··· Data listing ···

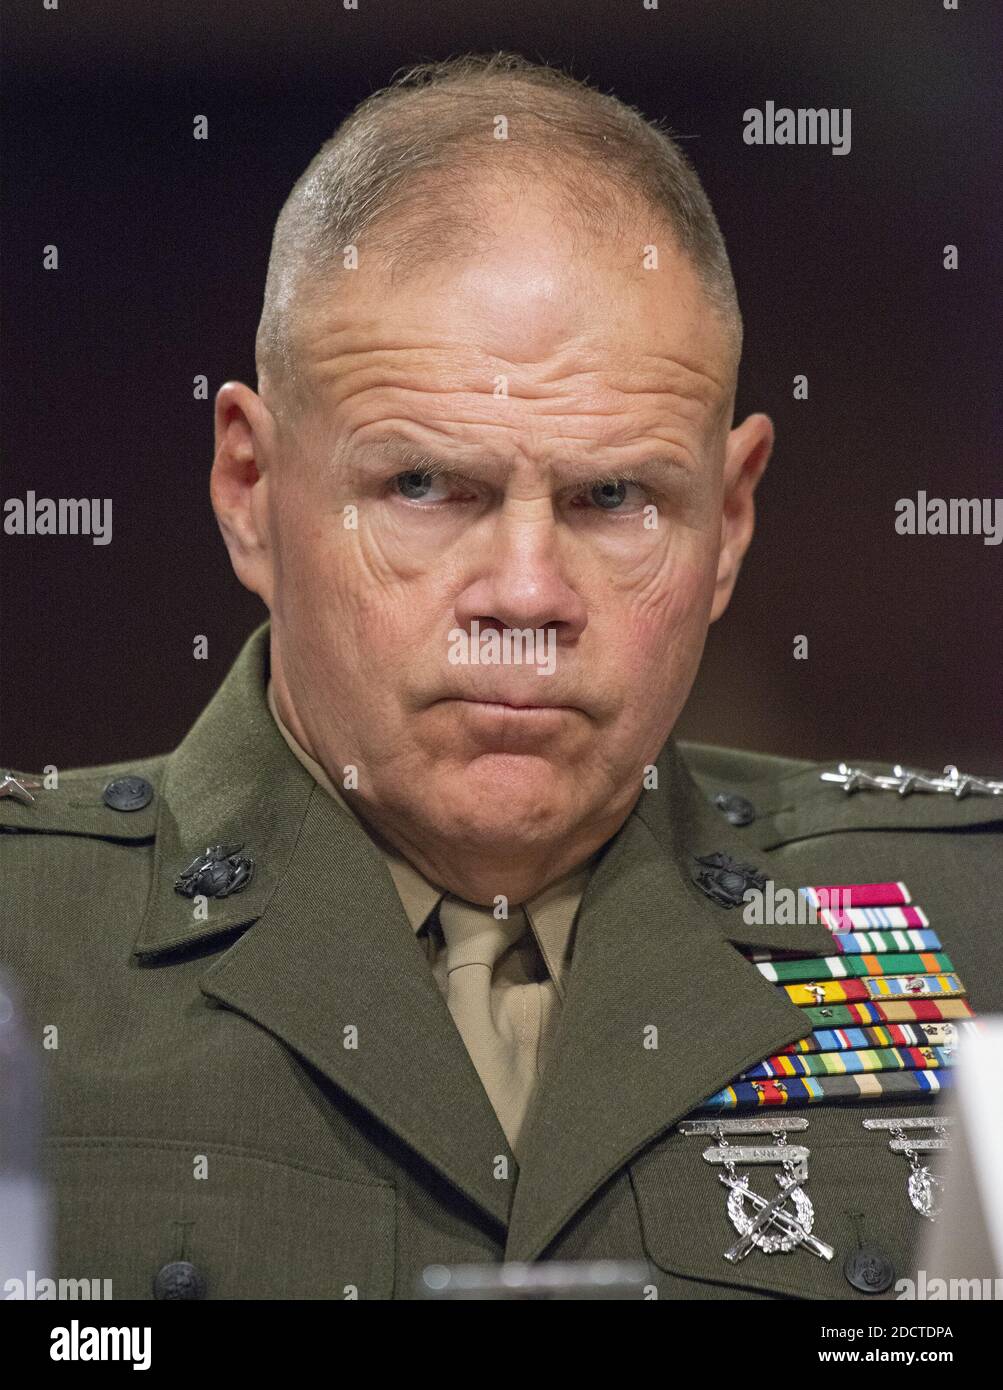 United States Marine Corps General Robert B. Neller, Commandant of the US Marine Corps, testifies before the US Senate Committee on Armed Services 'on the posture of the Department of the Navy in review of the Defense Authorization Request for Fiscal Year 2019 and the Future Years Defense Program' on Thursday, April 19, 2018. Washington, DC, USA. Photo by Ron Sachs / CNP/ABACAPRESS.COM Stock Photo
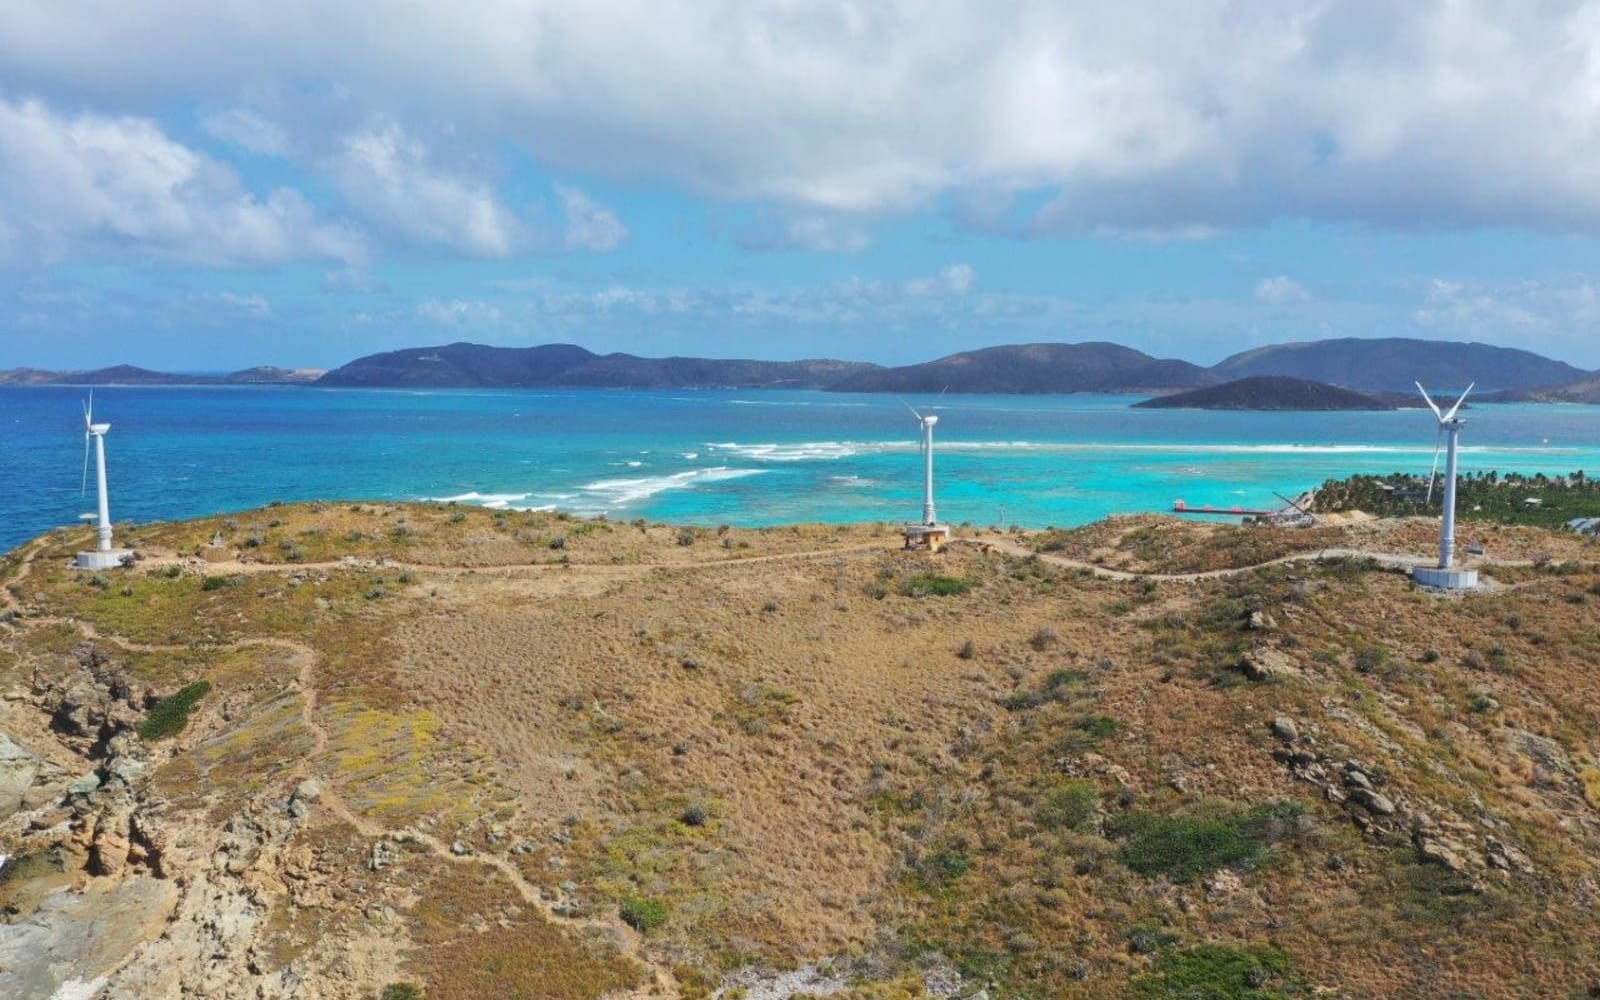 Wind turbines on Necker Island, with the ocean and islands in the background
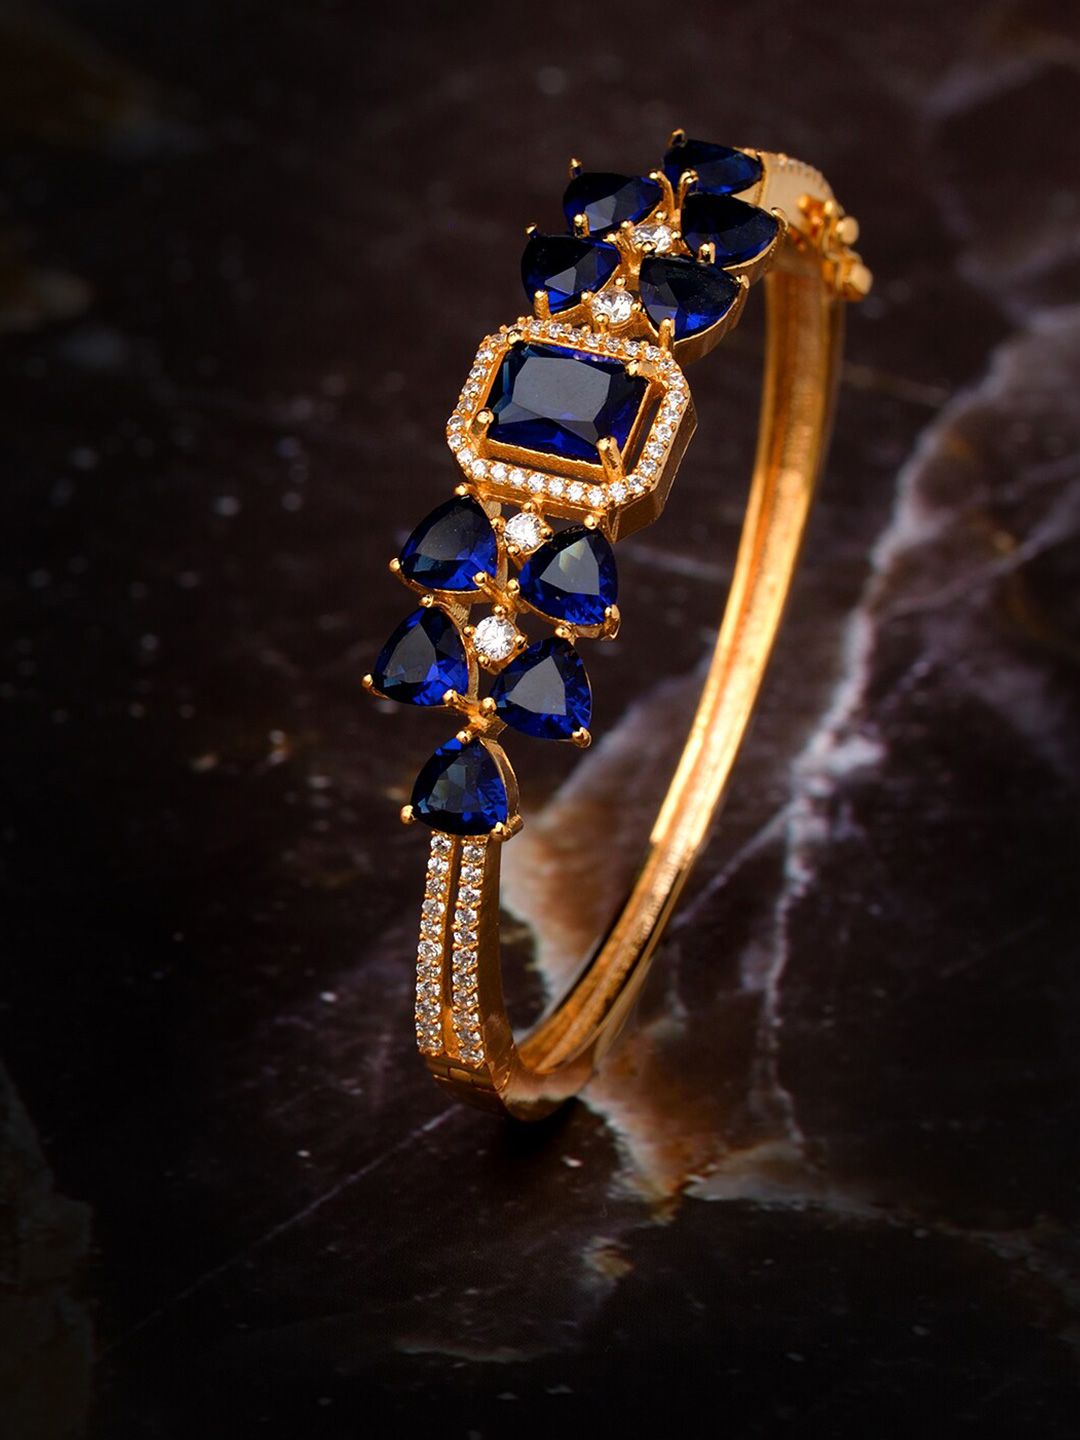 Saraf RS Jewellery Brass Gold-Plated & Blue Handcrafted Bangle-Style Bracelet Price in India
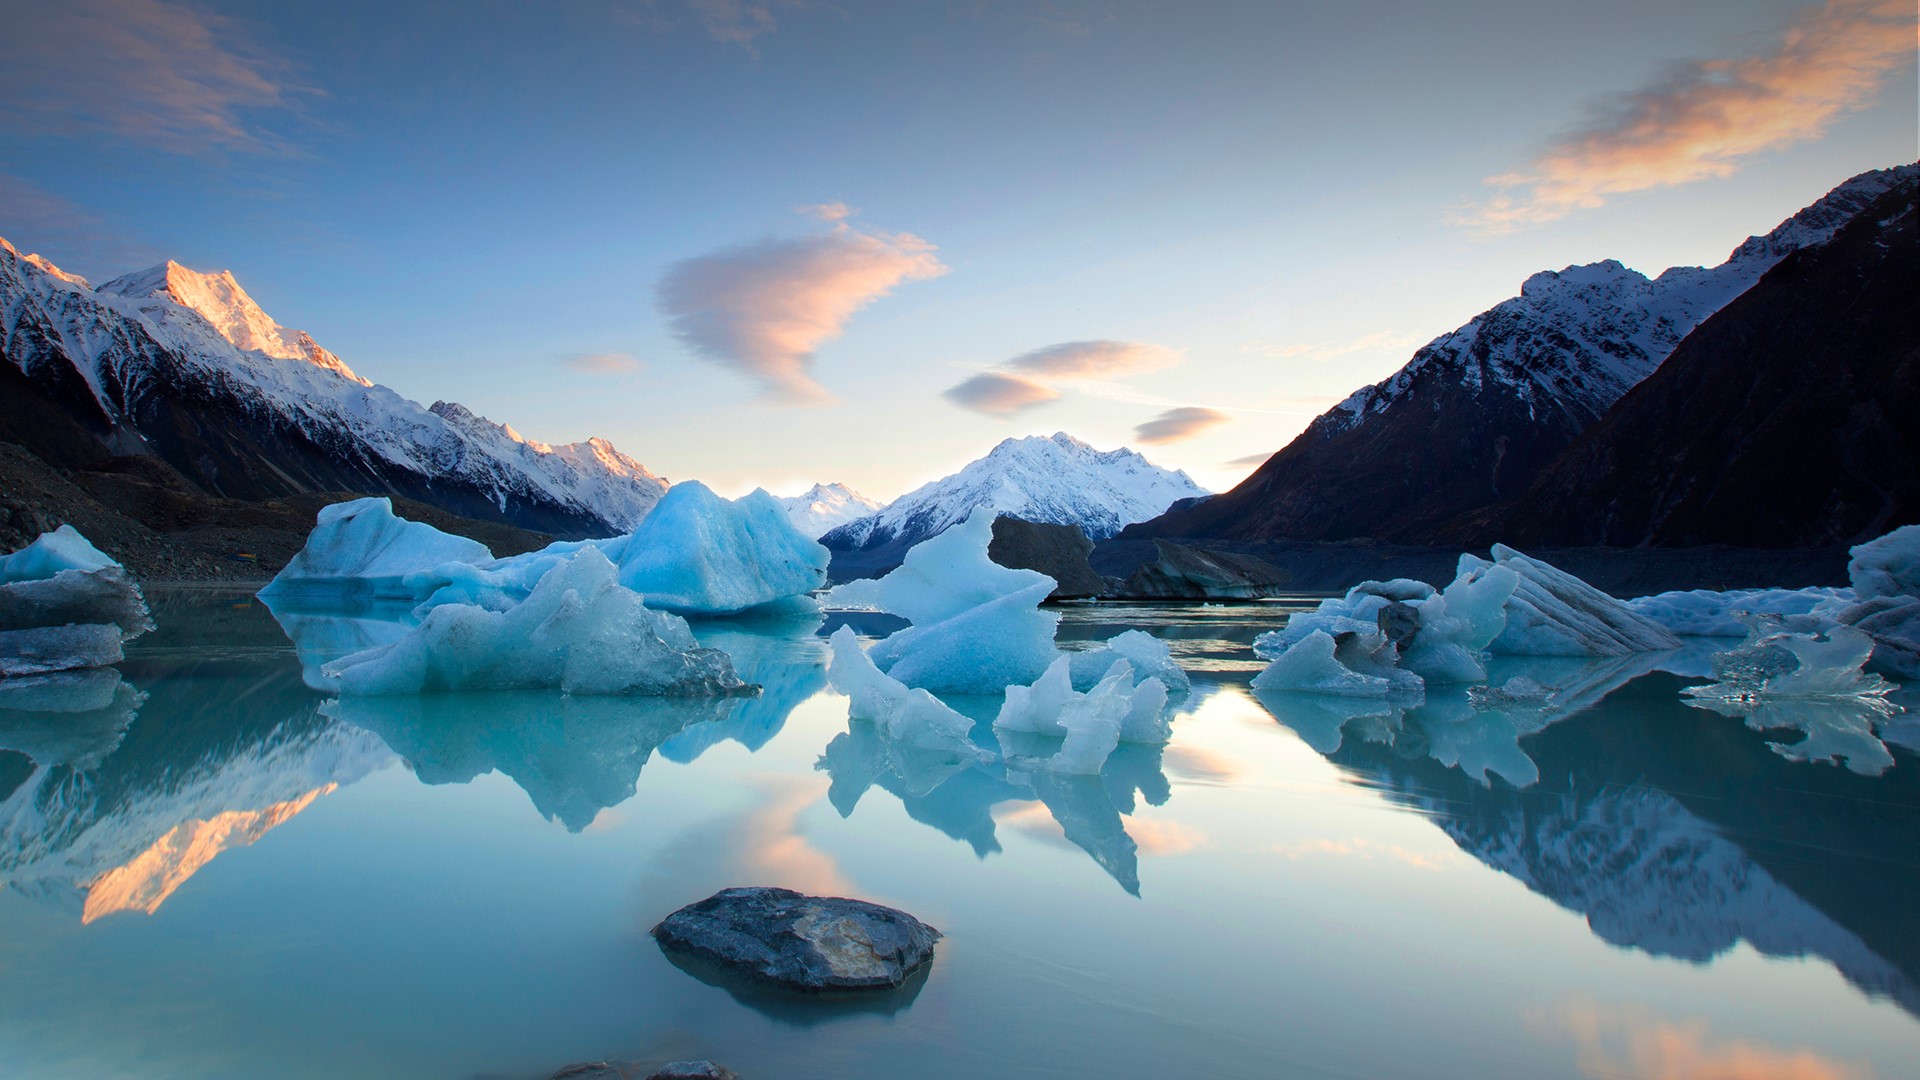 Nature Landscape Ice Snow Snowy Mountain Clouds Sky Reflection Mount Cook Iceberg New Zealand 1920x1080
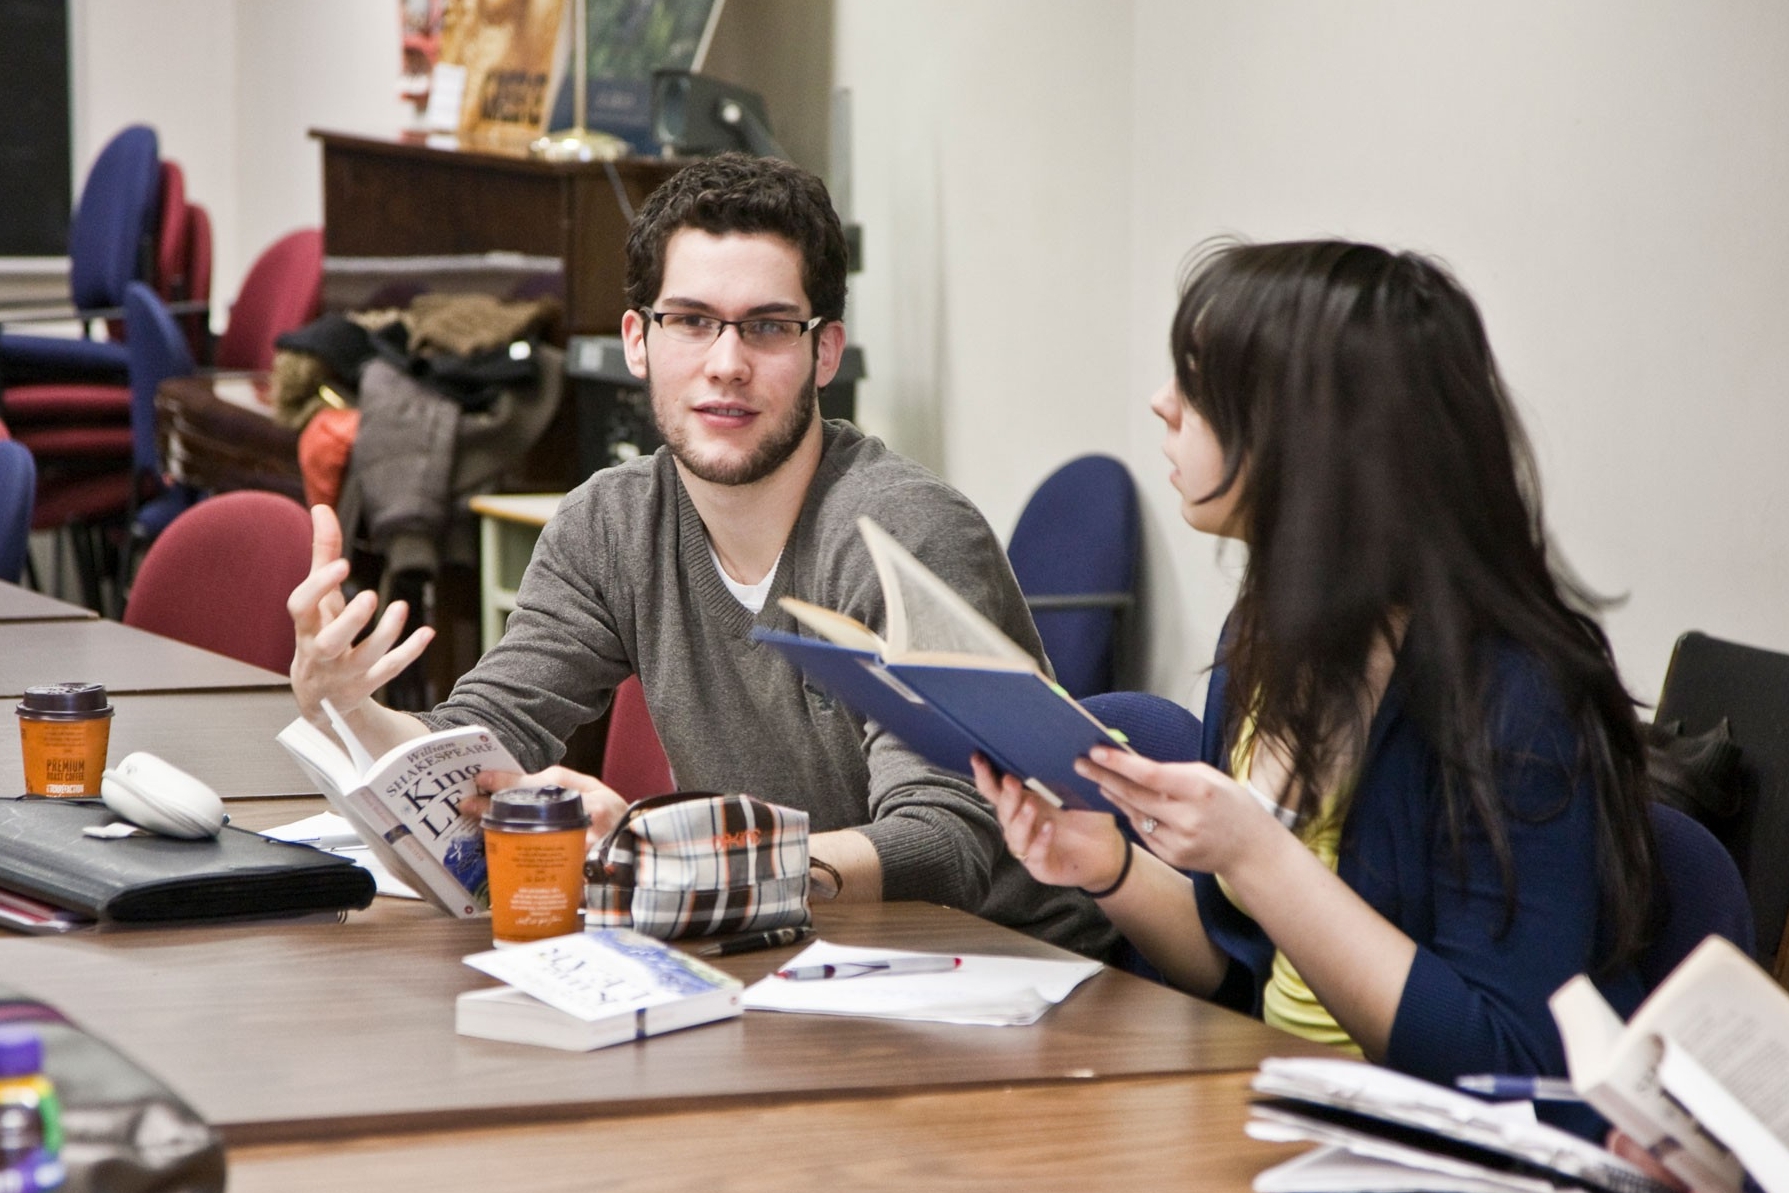 Two Liberal Arts College students hold books and discuss the readings in class.

···

_What this task involves_
Repeat every line above exactly, but omit all images.

_Solution for this exercise_
 United States Marine Corps General Robert B. Neller, Commandant of the US Marine Corps, testifies before the US Senate Committee on Armed Services 'on the posture of the Department of the Navy in review of the Defense Authorization Request for Fiscal Year 2019 and the Future Years Defense Program' on Thursday, April 19, 2018. Washington, DC, USA. Photo by Ron Sachs / CNP/ABACAPRESS.COM Stock Photo
 Wind turbines on Necker Island, with the ocean and islands in the background
 Saraf RS Jewellery Brass Gold-Plated & Blue Handcrafted Bangle-Style Bracelet Price in India
 Nature Landscape Ice Snow Snowy Mountain Clouds Sky Reflection Mount Cook Iceberg New Zealand 1920x1080
 Two Liberal Arts College students hold books and discuss the readings in class.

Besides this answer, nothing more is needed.